── DATASET CONTENT

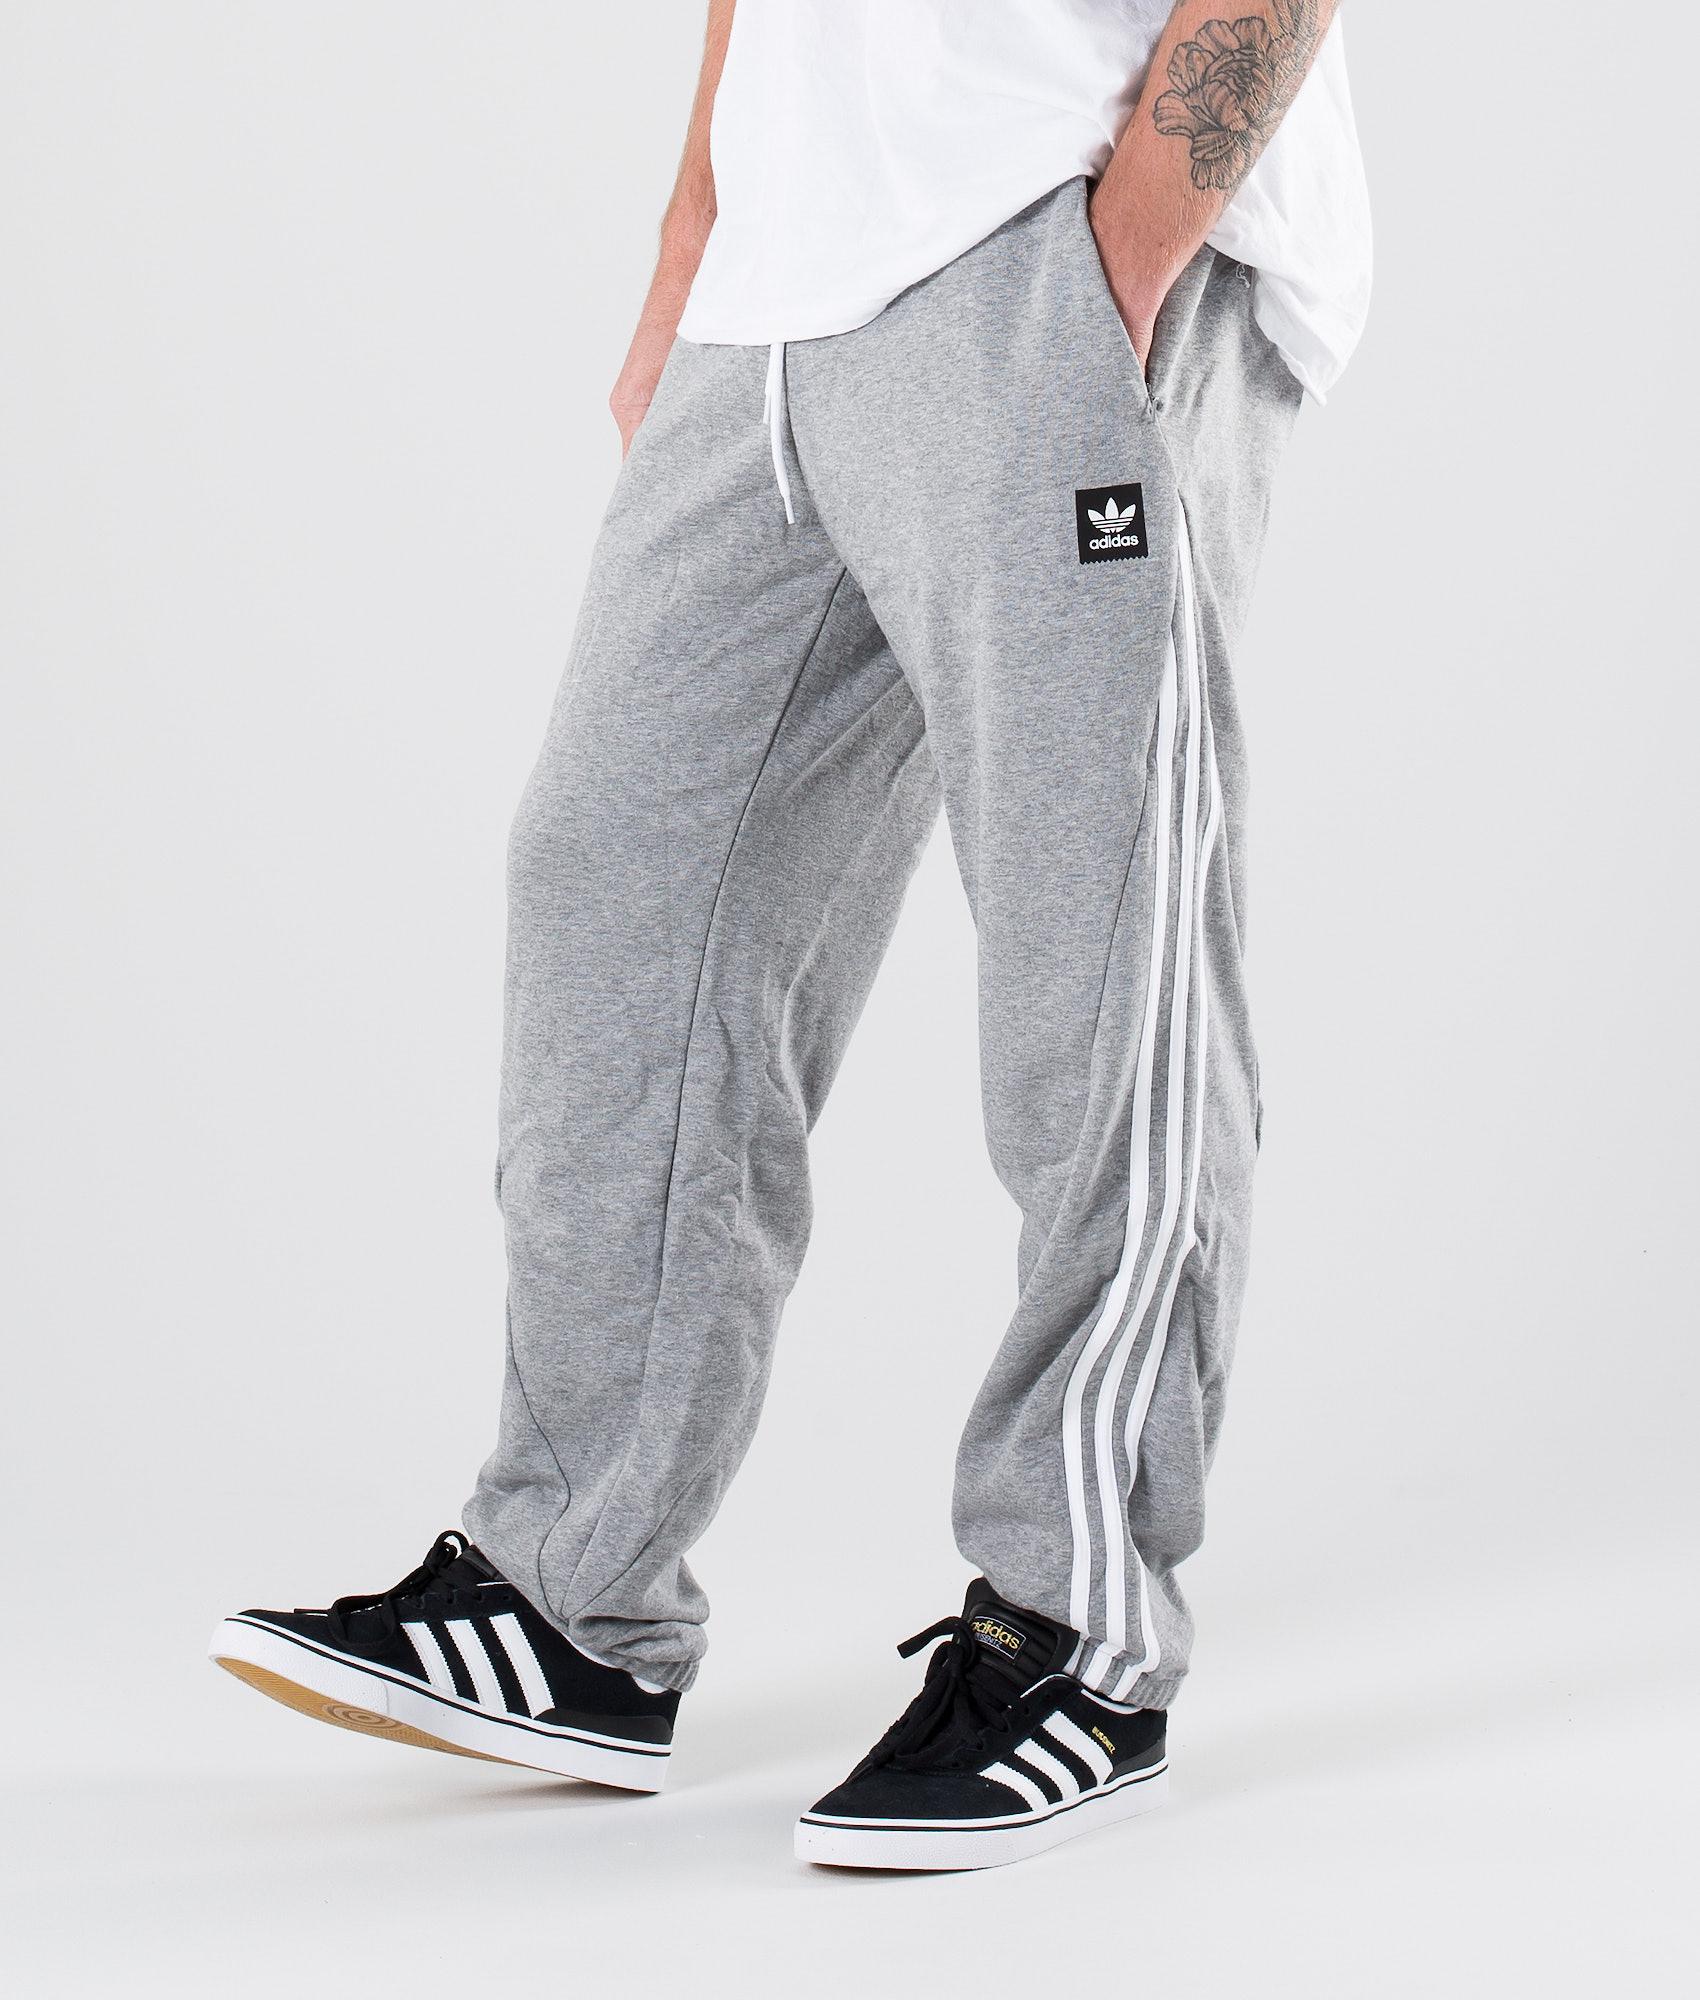 8b859d3ab2c Byxor & Jeans Herr Streetwear | Fri Frakt | Ridestore.se
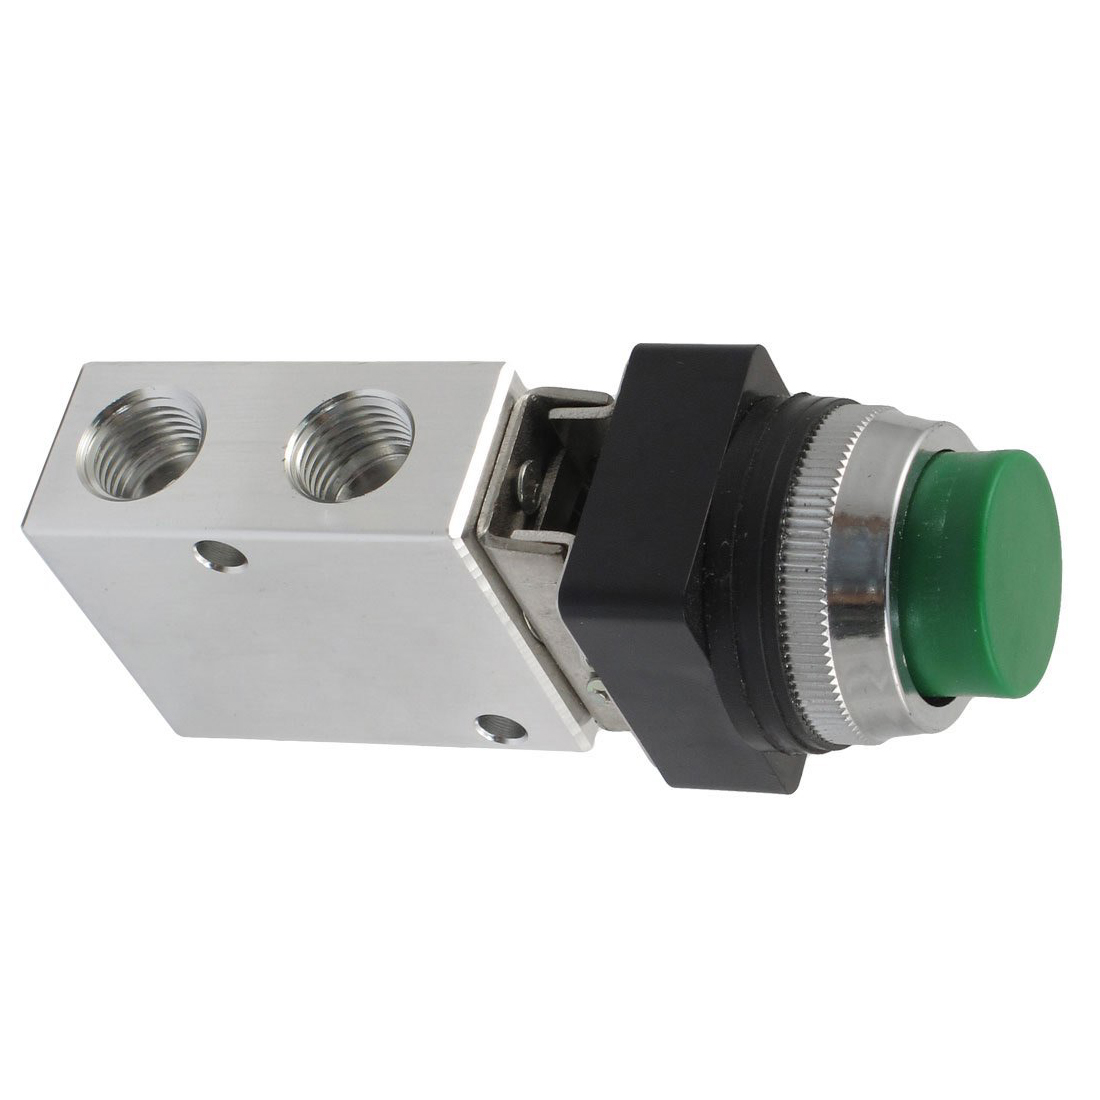 High Quality JM-322PPL 13mm Thread 2 Position 3 Way Green Push Button Air Mechanical Valve
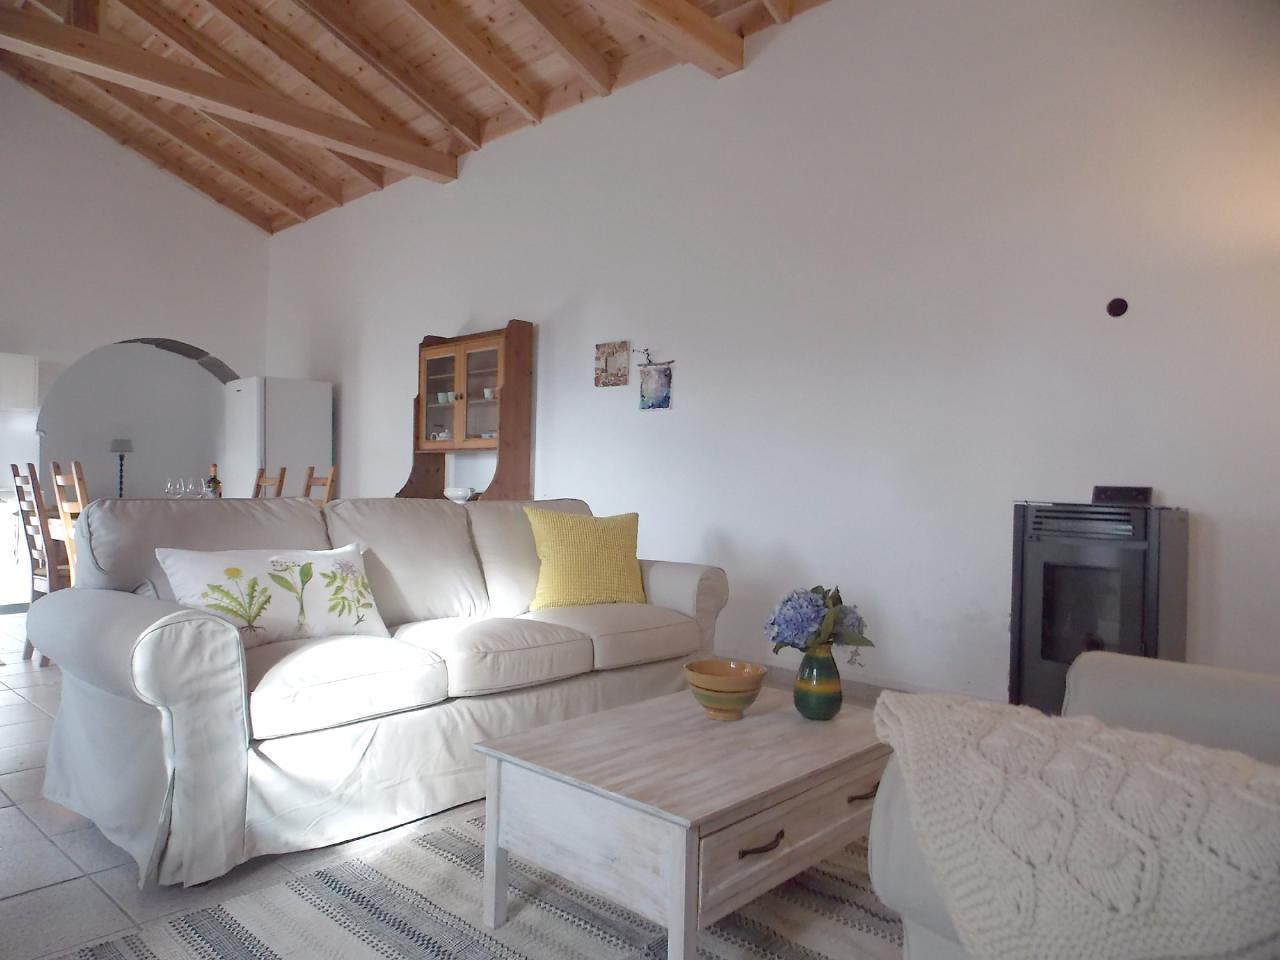 Ferienhaus Casa Bouganvillea (2074452), Ginetes, Sao Miguel, Azoren, Portugal, Bild 3

────

TO DO
What you write should match, word for word, the lines from the one containing "High Quality JM-322PPL" to the end of the listing, with both ends kept and the pictures left out.

TASK ANSWER
 High Quality JM-322PPL 13mm Thread 2 Position 3 Way Green Push Button Air Mechanical Valve
 Ferienhaus Casa Bouganvillea (2074452), Ginetes, Sao Miguel, Azoren, Portugal, Bild 3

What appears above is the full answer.